住宅会社のブランディング戦略の進め方・重要性を解説

住宅会社のブランディング戦略の進め方・重要性を解説
Facebook Twitter LINE はてなブックマーク Pocket RSS

住宅会社・ビルダーが行うべきブランディング戦略について紹介。ブランディングの進め方やポイントなどを解説しています。顧客から選ばれる企業になるために必須となるブランドの考え方の参考にしてみてください。

住宅会社・ビルダーのブランディング戦略の必要性

住宅会社・ビルダーのブランディング戦略の必要性

多くの人に選ばれる住宅会社・ビルダーになるためには、ブランディング戦略が必要です。
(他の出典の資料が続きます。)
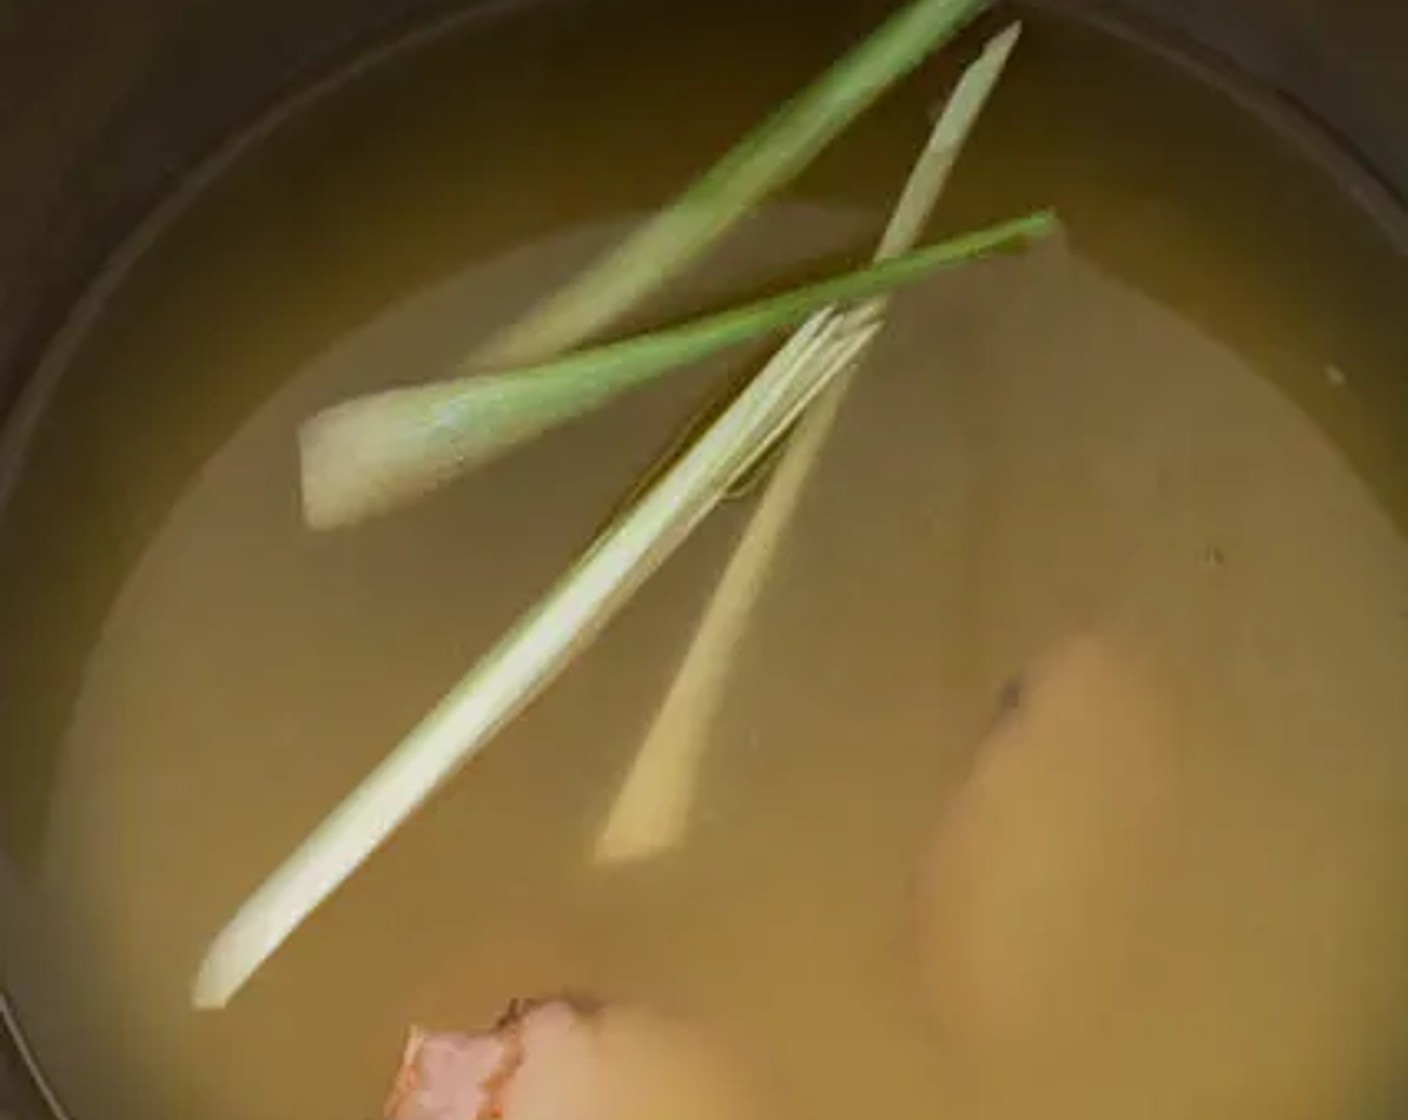 step 1 Pour Chicken Stock (4 cups) into a medium-sized pot or saucepan. Add Lemongrass (2 stalks) and Galangal (3 slices) to the chicken stock, then bring it to a boil over medium-high heat.

ブランディングを行う理由は、自社のブランドの役割やどのように思われたいかを明確にし、「〇〇といえばあの住宅会社」と誰もが思いつくようにすることです。

ブランドを確立させれば、自社や自社が販売する住宅商品の知名度をアップさせるための強力な武器となります。

もちろんコストはかかりますが、ブランディングを行うことは、自社の住宅ならではの「ただひとつの価値」を銘打つ手段です。

ブランディングとは

「ブランド」と聞くと「高級な価値」といったイメージが強いかもしれません。実際はそうではなく、「他とは違う自社の住宅ならではの強み」を活かし、価値を確立させることです。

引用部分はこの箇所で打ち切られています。